E… porque não a eutanásia?

Espera-se que uma lei que valide a eutanásia venha a constituir também um marco civilizacional.

A Lei 25/2012, de 16.07, que estabeleceu as bases do instituto jurídico Testamento Vital (T.V.), é considerada um avanço cultural, atendendo a constrangimentos educacionais, temperamentais e religiosos da nossa sociedade, onde o culto dos mortos e a indefinição em torno do significado da vida deram origem a interpretações díspares sobre a forma como a existência do homem deve e merece ser entendida. Juridicamente, o T.V. constitui o exercício de um direito na medida em que cada um tem “jus” à dignidade humana em todo o ciclo da sua vida. Assim sucede, nomeadamente, quando alguém, em estado terminal e podendo não estar em perfeito domínio da sua vontade e consciência, quer dispor como e em que condições deseja morrer, quando o decesso é inevitável.

Estado terminal significa uma situação patológica idónea, clinicamente comprovada, para conduzir à morte.
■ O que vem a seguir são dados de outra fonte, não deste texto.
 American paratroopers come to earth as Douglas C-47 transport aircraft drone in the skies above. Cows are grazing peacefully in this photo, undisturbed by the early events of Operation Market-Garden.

Focando no dispositivo do artigo 2.º, n.º 2., a), b) e c) da Lei, o testador manifesta o seu desejo para que o seu falecimento seja digno, evitando que lhe sejam ministradas terapias a fim de prolongar artificialmente uma vida não consciente, em suma, por uma boa qualidade de morte, evitando um tratamento fútil, ou cuidados paliativos, com vista tão só para prolongar a vida, sustentando um estado vegetativo, de não retorno, ou suportar um sofrimento doloroso de nulo efeito recuperador – altura em que o paliativo mais se assemelha a uma agressão à vida do que o respeito por ela. Neste aspecto, o T.V. assemelha-se à ortonásia, que se desenvolve numa relação médico/paciente ou família, por via da qual se procede à suspensão ou limitação de tratamento que prolongue a vida em caso de doença em fase terminal ou incurável.
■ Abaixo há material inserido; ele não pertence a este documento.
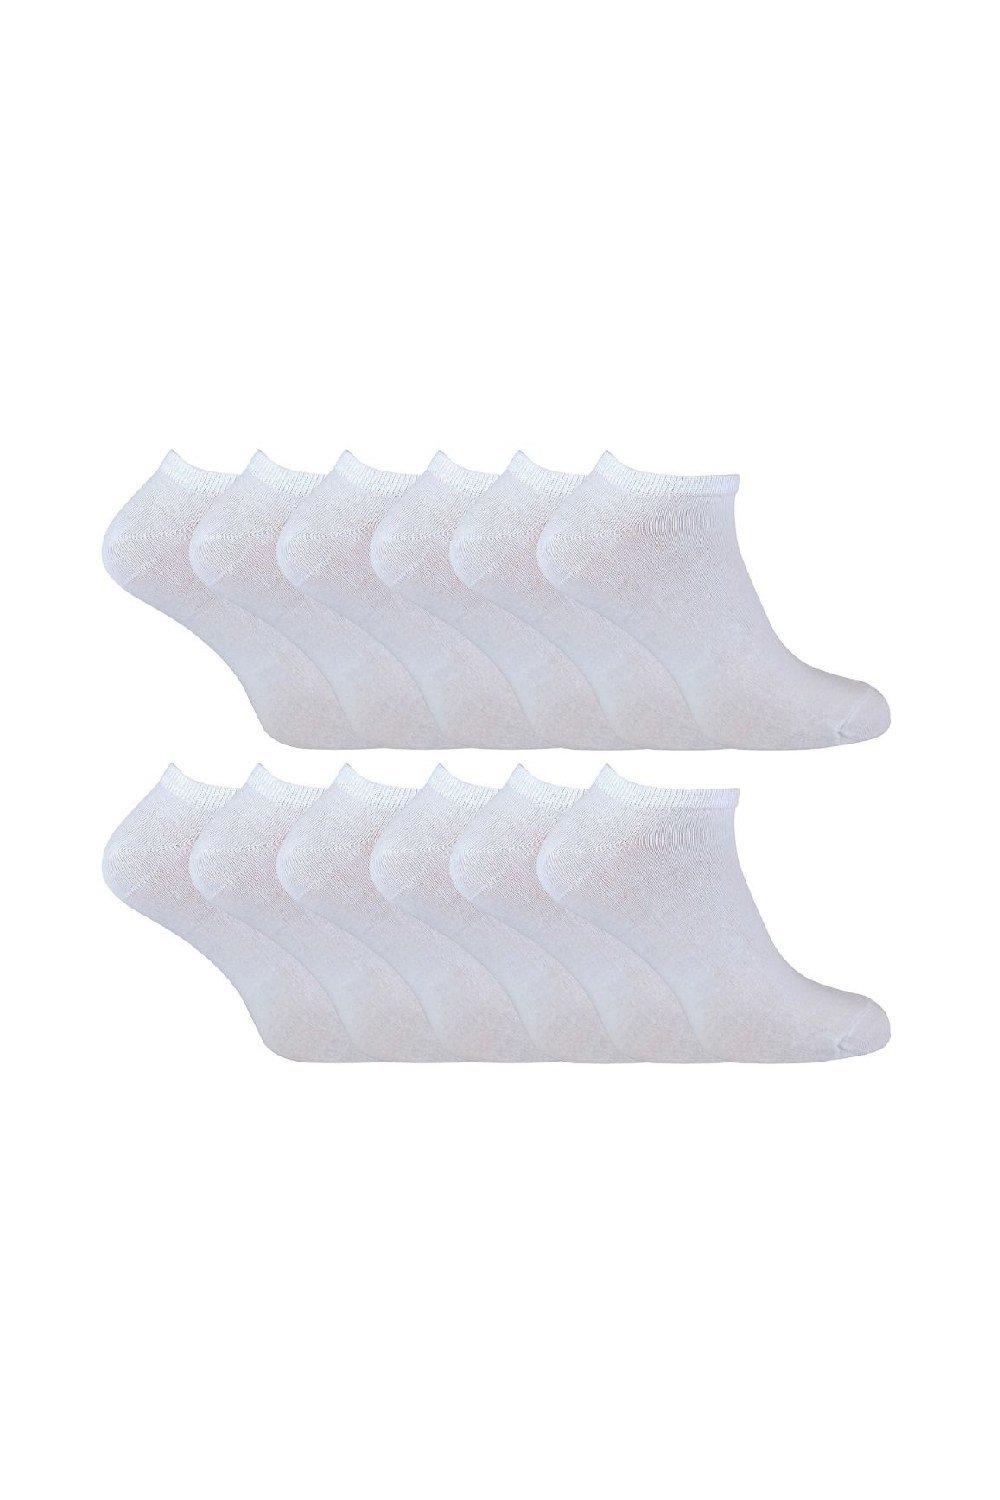 12 Pairs Soft Cotton Breathable Trainer Socks

Sucede que, no caso da eutanásia, esta envolve um acto consciente, controlado e assistido para provocar ou acelerar a morte de alguém, mesmo quando esse alguém, num estado de não domínio da sua vontade, peça para que o processo da sua morte seja abreviado, por ex: para não sofrer ou evitar um estado doloroso.
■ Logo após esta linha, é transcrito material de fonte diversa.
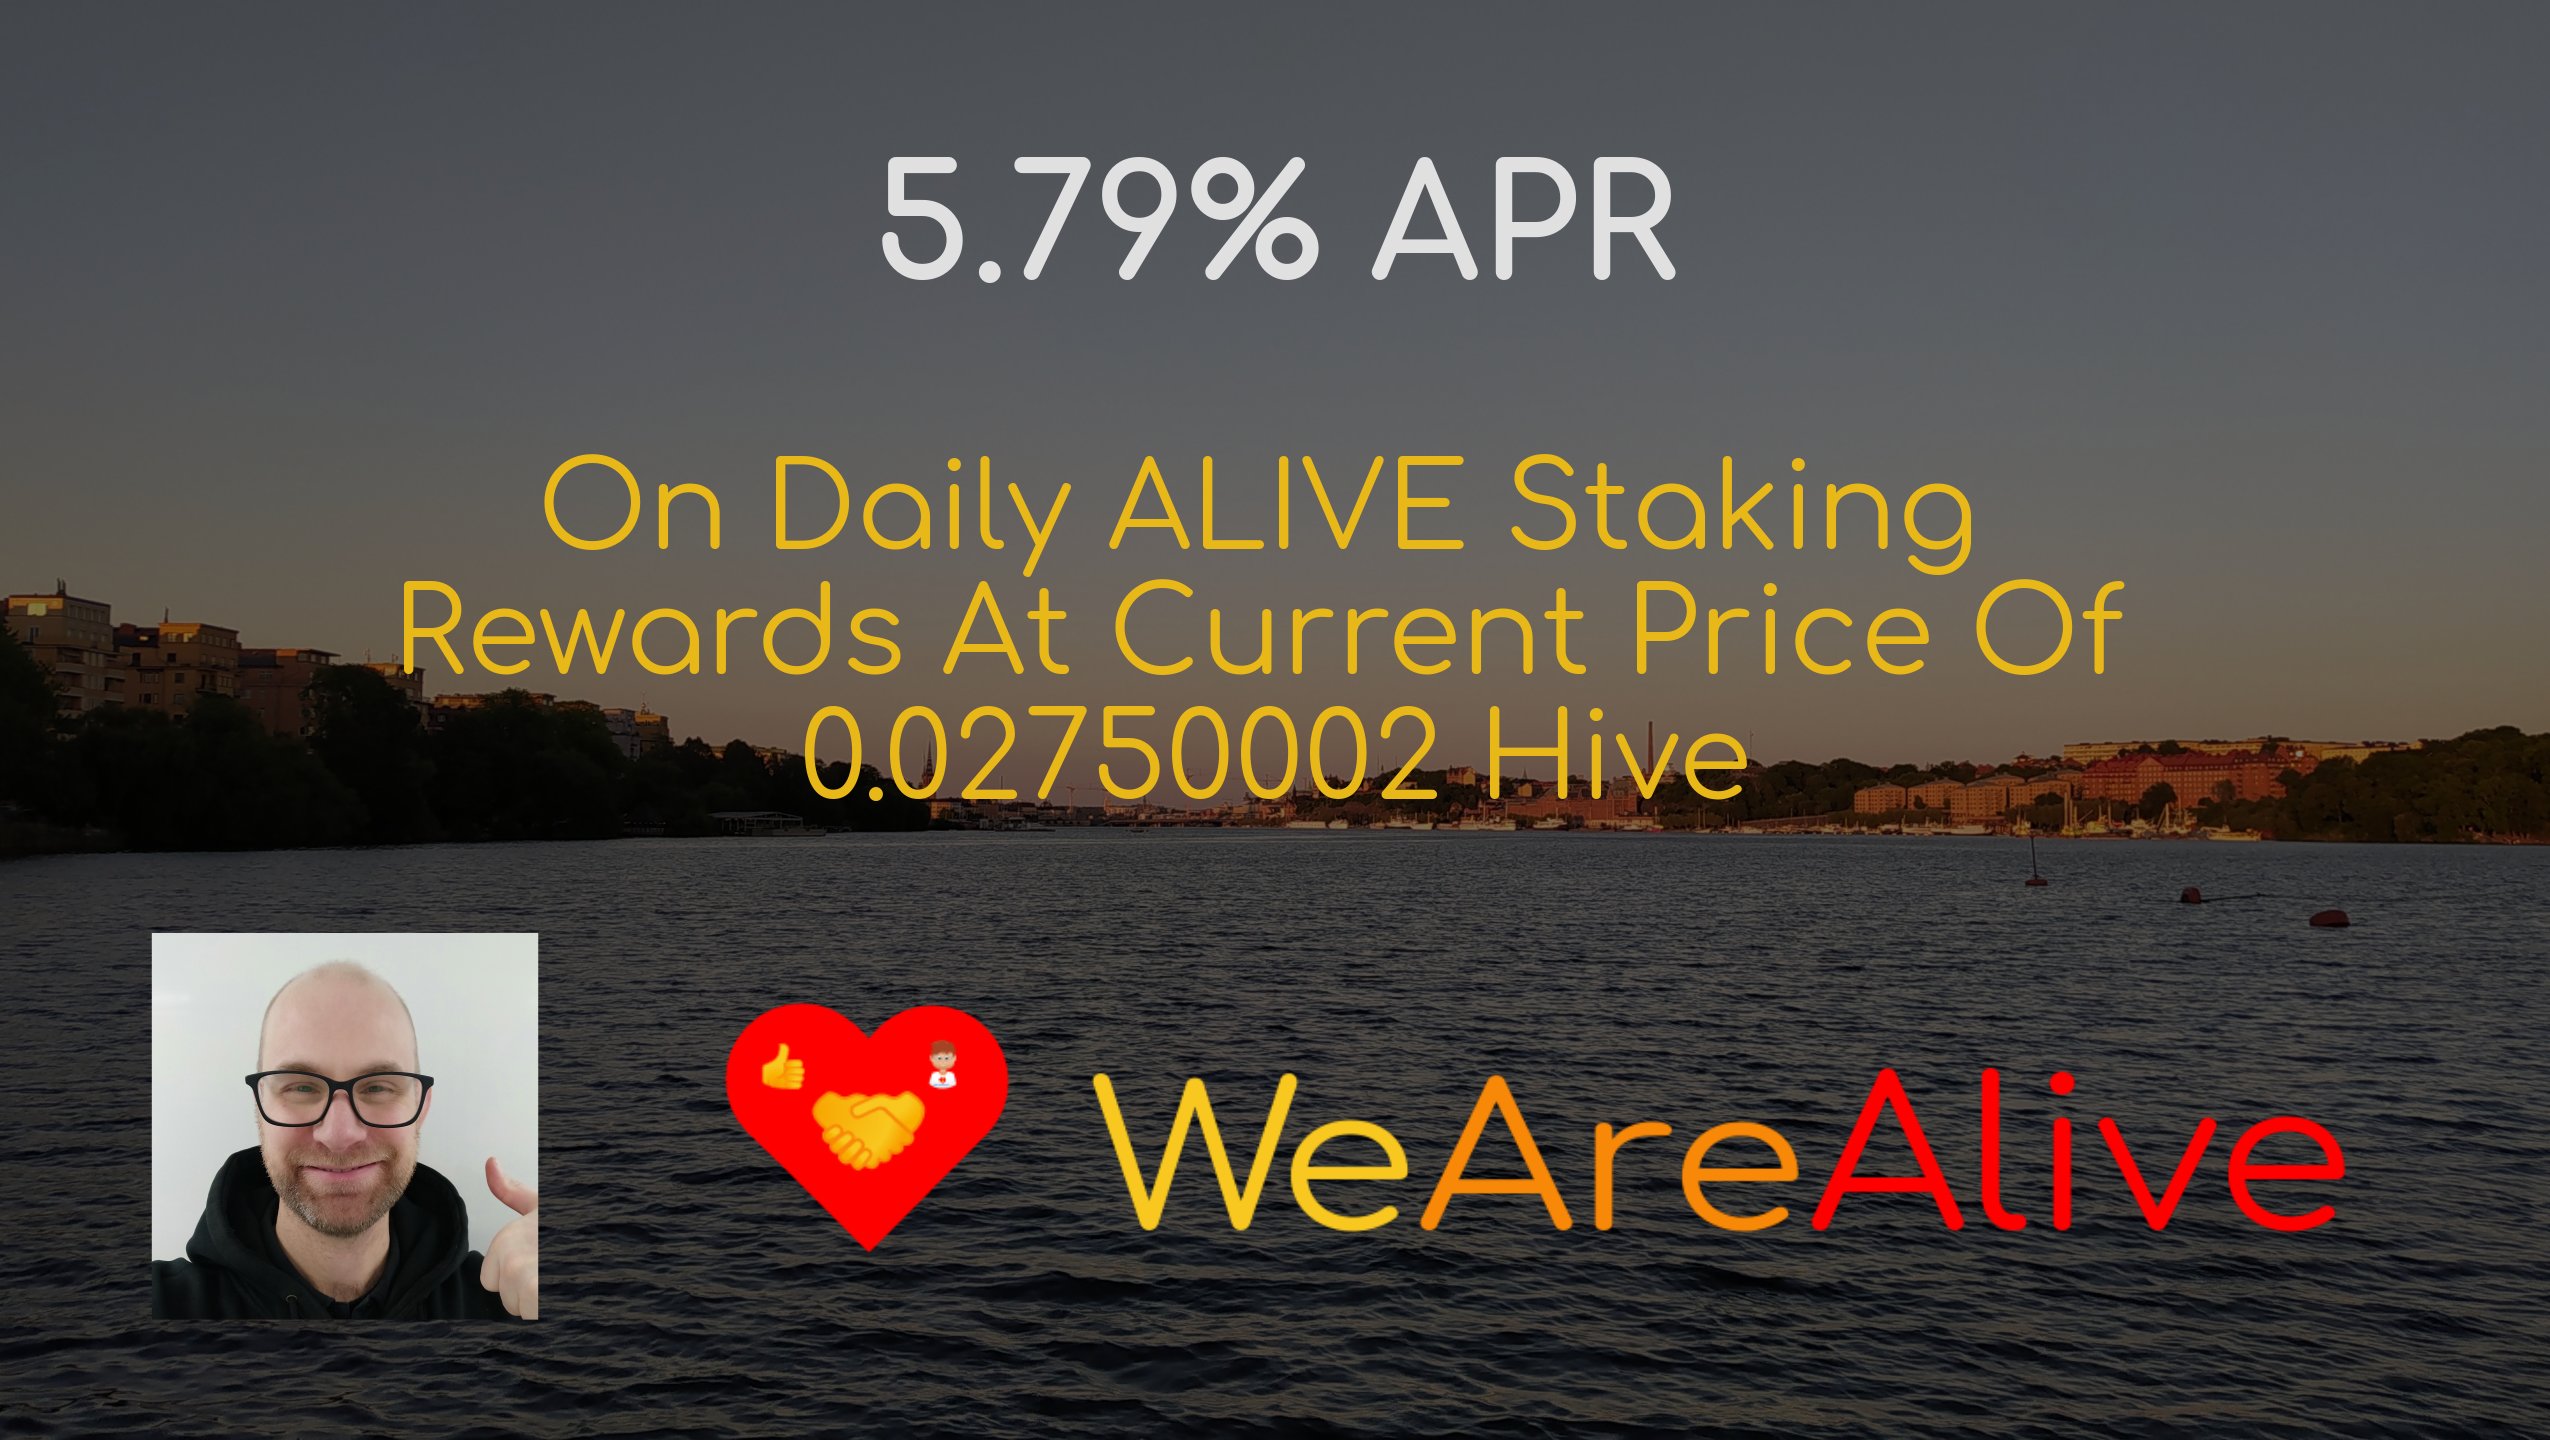 @flaxz/579percent-apr-on-daily-alive-staking-rewards-at-current-price-of-002750002-hive

Tanto o T.V. como a eutanásia têm como destinatário o paciente em estado terminal. O que os distingue é que no primeiro evita-se prolongar a vida e na segunda há uma acção para abreviar a vida. Enquanto não houver uma lei, a eutanásia constitui um crime, o T.V. não. Neste quadrante, uma questão basilar se coloca: “não prolongar a vida” não será sinónimo de “abreviar a vida”? Parece que sim. Na verdade, prolonga-se ou abrevia-se o que ainda existe. O efeito real tanto num como noutro caso é o mesmo: a morte.

Não deixa, por isso, de se estranhar a posição dos que advogam a inconstitucionalidade da lei que venha a reconhecer o instituto jurídico de eutanásia, quando não o fizeram tratando-se da Lei 25/2012, promulgada que foi pelo então PR – Aníbal Cavaco Silva. Note-se que a Constituição da República dispõe que a vida humana é inviolável (artigo 24º, 1.º). Ora bem. A vida só tem sentido num corpo que a sustenta. Violar é ‘tratar com desrespeito’ (Dicionário Houaiss da Língua Portuguesa). Nas circunstâncias apontadas, não libertar um corpo do estado moribundo, vegetativo ou da extrema dor, seria torturá-lo, humilhá-lo e oprimi-lo, e por via disso consagrar a negação da própria singularidade e grandiosidade da vida.

Espera-se que uma lei que valide a eutanásia venha a constituir também um marco civilizacional.